Приложение.
1. Евангелие от Матфея.
24 Никто не может служить двум господам: ибо или одного будет ненавидеть, а другого любить; или одному станет усердствовать, а о другом нерадеть.
Не можете служить Богу и маммоне[58].25 Посему говорю вам: не заботьтесь для души вашей, что вам есть и что пить, ни для тела вашего, во что одеться. Душа не больше ли пищи, и тело одежды?
26 Взгляните на птиц небесных: они ни сеют, ни жнут, ни собирают в житницы; и Отец ваш Небесный питает их. Вы не гораздо ли лучше их?
27 Да и кто из вас, заботясь, может прибавить себе росту хотя на один локоть?
28 И об одежде что заботитесь? Посмотрите на полевые лилии, как они растут: ни трудятся, ни прядут;
29 но говорю вам, что и Соломон во всей славе своей не одевался так, как всякая из них;
30 если же траву полевую, которая сегодня есть, а завтра будет брошена в печь, Бог так одевает, кольми паче вас, маловеры!
31 Итак не заботьтесь и не говорите: что нам есть? или что пить? или во что одеться?
32 потому что всего этого ищут язычники, и потому что Отец ваш Небесный знает, что вы имеете нужду во всем этом.
33 Ищите же прежде Царства Божия и правды Его, и это всё приложится вам.
34 Итак не заботьтесь о завтрашнем дне, ибо завтрашний сам будет заботиться о своем: довольно для каждого дня своей заботы. (Матф 6, 24-34)
2. Р. Нибур. Христос и Культура.
Исторические и социальные условия, в которых совершается отвержение Иисуса Христа, чрезвычайно разнообразны: персональные и групповые мотивировки его оппонентов бесконечно варьируются, и, кроме того, философские и научные мнения, выстроенные против христианских убеждений, часто противостоят в большей степени друг другу, чем самим этим убеждениям. Но когда речь заходит об отношении Христа и культуры, среди этих разнородных критиков наступает принципиальное единодушие.

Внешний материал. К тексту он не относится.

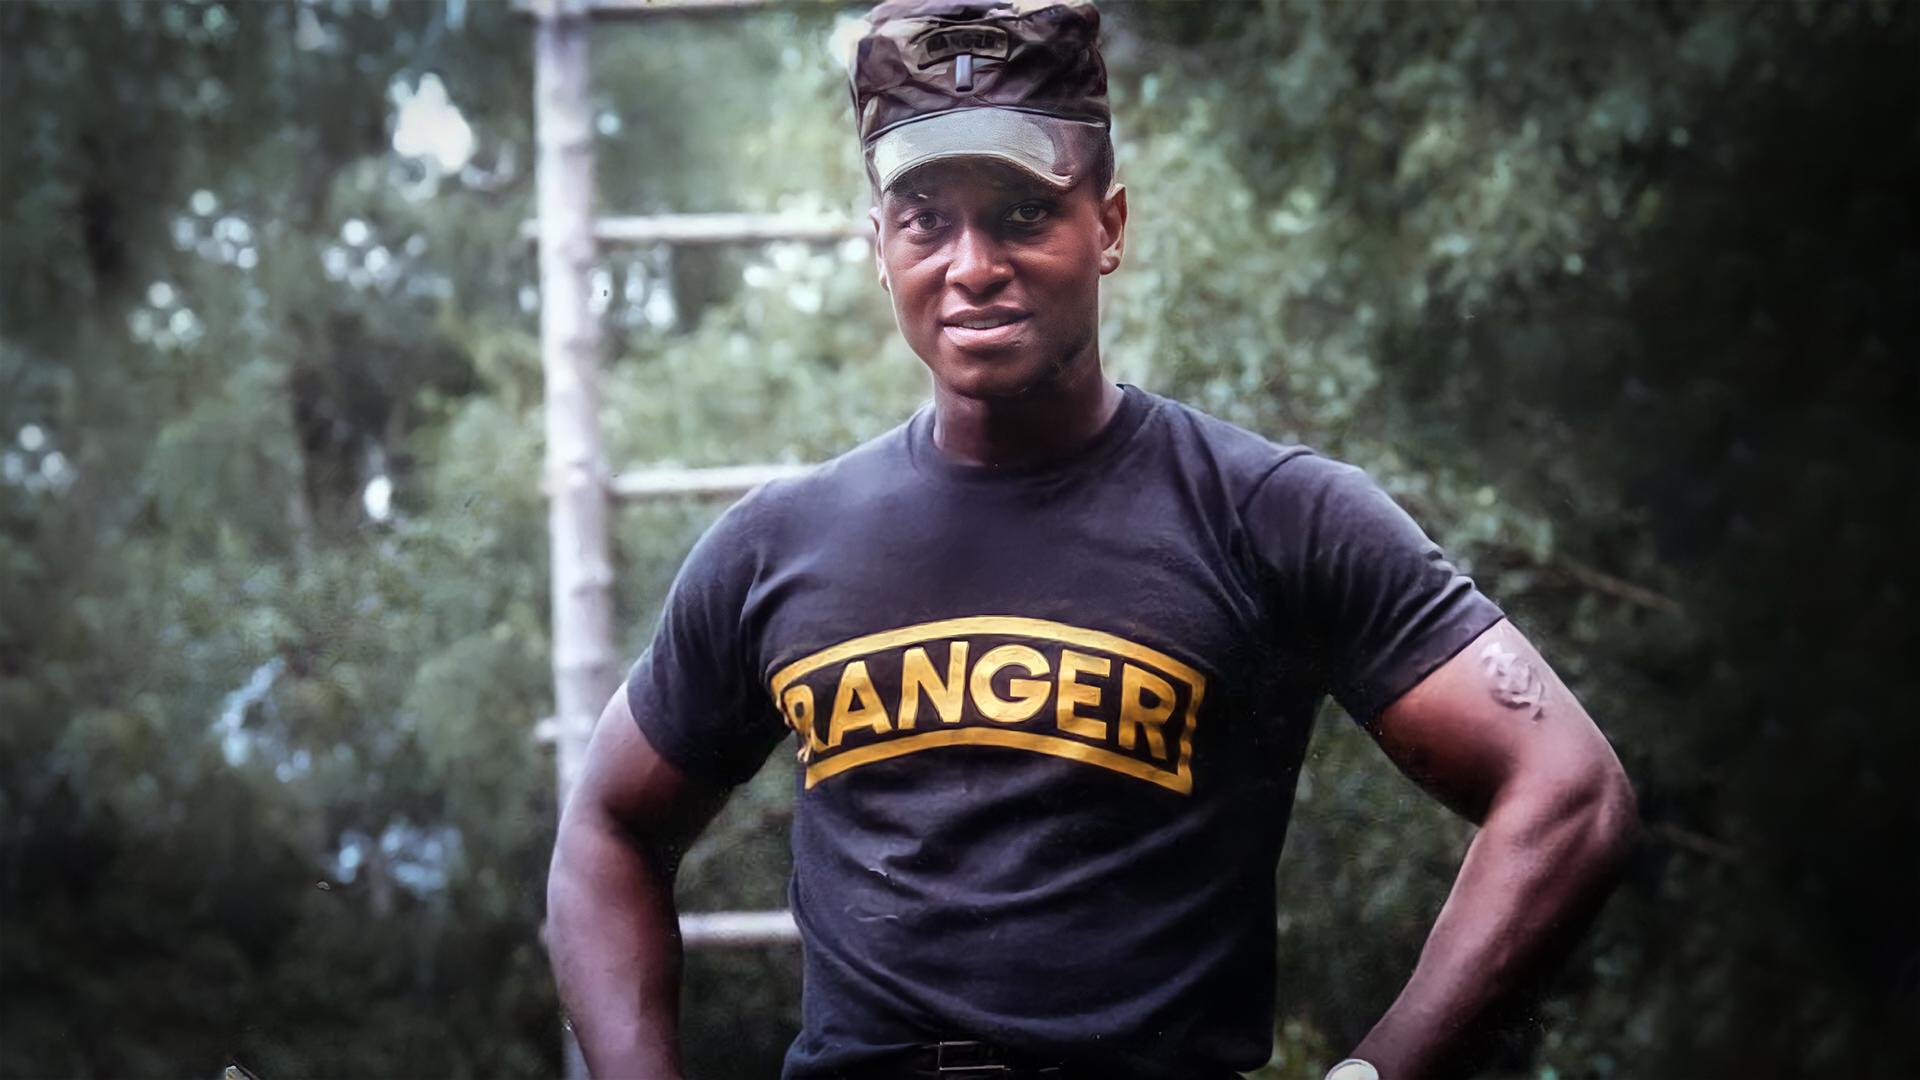 VP Roger Jones: A Reflection on Black History

Древние спиритуалисты и современные материалисты, благочестивые римляне, обвинявшие христиан в атеизме, и атеисты XIX в., которые осуждали их теистическую веру, националисты и гуманисты - кажется, все были оскорблены одними и теми же моментами в Евангелии и использовали, защищая свою культуру, схожие аргументы.Заметным среди этих периодически повторяющихся аргументов было утверждение, которое сформулировано Гиббоном применительно к римлянам: христиан «одушевляют презрение к нынешнему существованию и вера в бессмертие». Эта двуединая вера ставила в тупик и раздражала как энтузиастов цивилизации Нового времени, так и апологетов Рима, как радикальных революционеров, так и охранителей прежних порядков, как верующих в бесконечный прогресс, так и отчаявшихся провозвестников упадка культуры. Причем это не был случай, когда можно было все списать на неполноценность учеников, Учителя же обелить, ибо высказанные им суждения насчет забот о еде и питье, насчет малой ценности земных сокровищ, насчет страха перед теми, кто в состоянии отобрать человеческую жизнь, как и неприятие им мирской власти в вопросах жизни и смерти — все это делало его самого явным источником убеждений его последователей. Это не была также позиция, от которой можно было отмахнуться, заявив, что она свойственна только части христиан, тем, кто верует в скорый конец света, или ультраспиритуалистам. Она сочеталась с различными воззрениями на историю и с разноплановыми концепциями соотношения духа и материи. Позиция эта способна поставить в тупик, потому что она соединяет в себе то, что имеет вид презрения к земному существованию с великой заботой о реальном человеке, потому что ее не страшит печать обреченности на всех человеческих делах, потому что она заряжена не отчаянием, но уверенностью. Христианство представляется угрожающим культуре в данном аспекте не потому, что пророчествует о том, что от всех человеческих достижений не останется камня на камне, но потому, что Христос дает возможность людям воспринимать это бедствие в некоторой степени невозмутимо, направляет их надежды на другой мир и, таким образом, лишает людей стимула к тому, чтобы взвалить на себя груз непрестанного труда по сохранению громоздкого, но неустойчивого общественного наследия.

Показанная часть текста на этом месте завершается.